Wondering how divorce will affect your life insurance policy? Here's what you need to know, from Honorée Corder, the author of "The Successful Single Mom" book series. Have questions? Ask in the comments.
Will you be protected in the event your ex-spouse dies and he (or she) is the major provider for you and the children? It’s often assumed that today’s circumstances will last forever, but the truth is, if you don’t think about the future today, you may end up with painful circumstances years down the road. Even as you go through the process of divorce, be sure to take into consideration what you and your children will need as time passes and circumstances change.
One of the more neglected areas of a divorce settlement is insurance, and that’s because insurance is an often misunderstood financial tool. Because it can be both a risk management tool and a wealth accumulation tool, it’s important to understand the role it plays prior to divorce so you can deal with it equitably after the fact.
As a risk management tool, there are two types of insurance that should be considered: life insurance and disability insurance. When there are any financial obligations between ex-spouses, (e.g. alimony, child support, mortgage payments) those obligations should be protected in the event of a premature death or disabling circumstance that would prevent the paying party from fulfilling their legal obligation.
Due to the importance of these tools to the recipient, the parent on the receiving end should be both owner and beneficiary of the policies and take responsibility for paying the premiums (which means you want to negotiate for those premium payments in the support settlement outlined in the decree). Don’t make the mistake of leaving the payments and beneficiary designation up to the “responsible party.” Sometimes the responsible party isn’t so responsible after all. All too often the receiving party ends up short changed –- and not always intentionally. It’s important to just eliminate the possibility of risk with risk management tools by being in control!
As a wealth accumulation tool, any cash value held inside a permanent life insurance policy and/or any value associated with a business buy/sell agreement that is funded with both life insurance and disability insurance should be considered “fair game” when the assets are being divvied up. Make sure you don’t overlook wealth that may be “hidden” inside an insurance policy and negotiate for either a “buy out” or revised coverage that puts you in control of both premium payments and the beneficiary designation.
Finally, if you find yourself in the new status of “single parent,” you may need to evaluate your own insurance coverage –- for both disability and death. Make sure your children don’t end up on the short end of the checkbook if something unexpected happens to you.
Your insurance needs can be analyzed by a professional. For your own peace of mind, be sure to select the right agent. Ask some of your trusted friends and advisors for recommendations. Interview several agents and select one who has (most of) the following qualities:
a. You can meet on a friendly basis and that feel he or she is competent. Remember that your agent will be working with your loved ones in the event something happens to you.
b.
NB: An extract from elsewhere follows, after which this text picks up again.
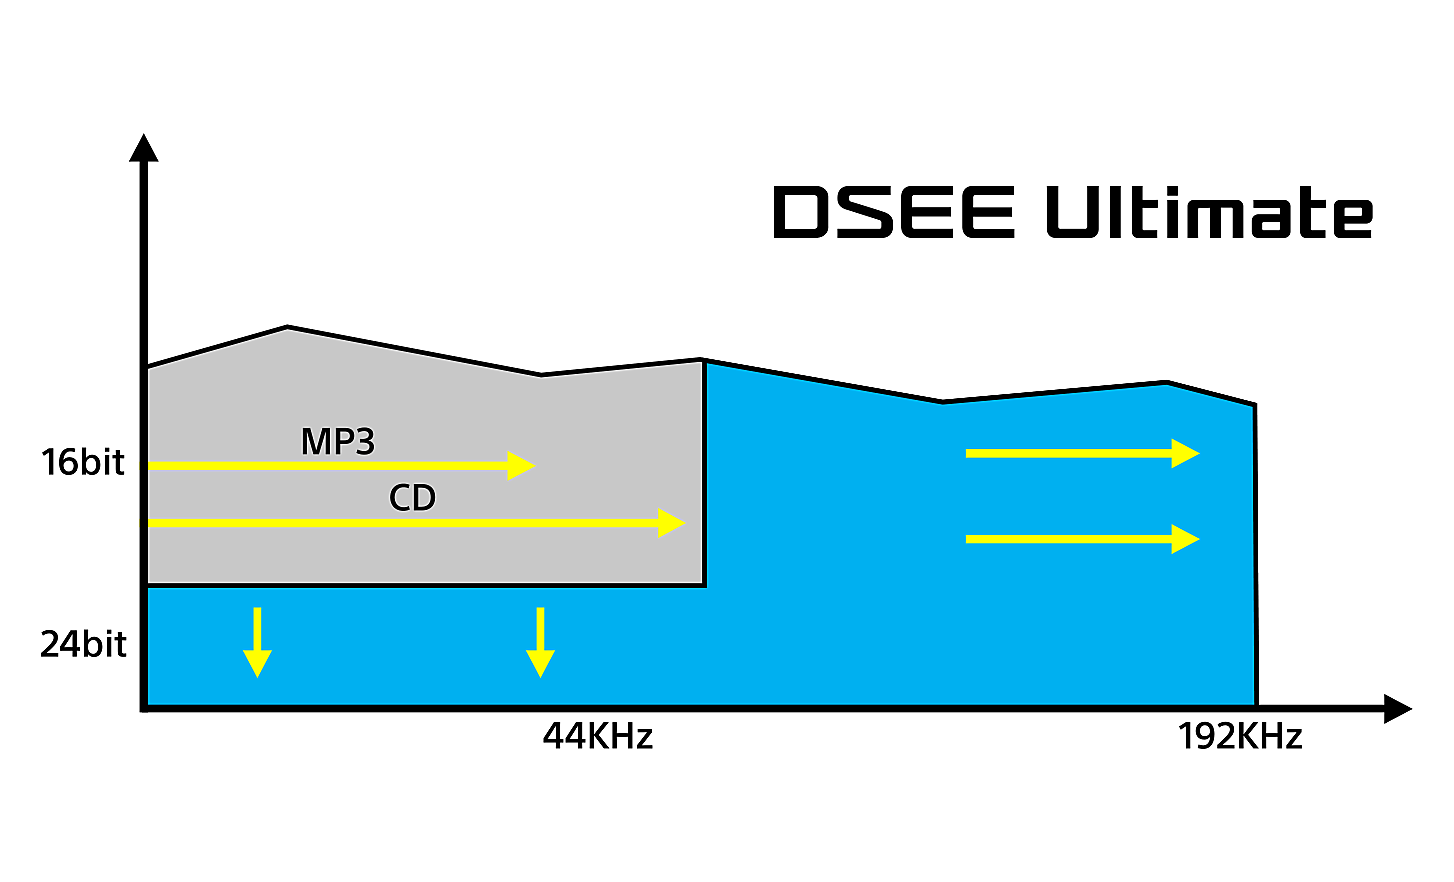 Graf znázorňuje vplyvy technológie DSEE Ultimate na digitálnu hudbu

He or she has professional designations (CLU, ChFC, CFP, MBA, etc.,) and is a member of the Million Dollar Round Table (MDRT), thereby showing their experience and dedication to the insurance industry.
c. He or she has been in the business for more than five years. Many agents drop out of the business in their early years. You want someone with experience to serve you.
When you purchase insurance, you want to select a company that has:
a. Top ratings from the four different rating officials (A.M. Best, Standard and Poor’s, Moody’s and Fitch).
b. Been around for more than 50 years.
c. A mutual-fund company vs. a stock company.
Remember: “Cheap things are of no value, and valuable things are not cheap.” Insurance lasts a lifetime. You want a company to be there on the day you die to pay the claim.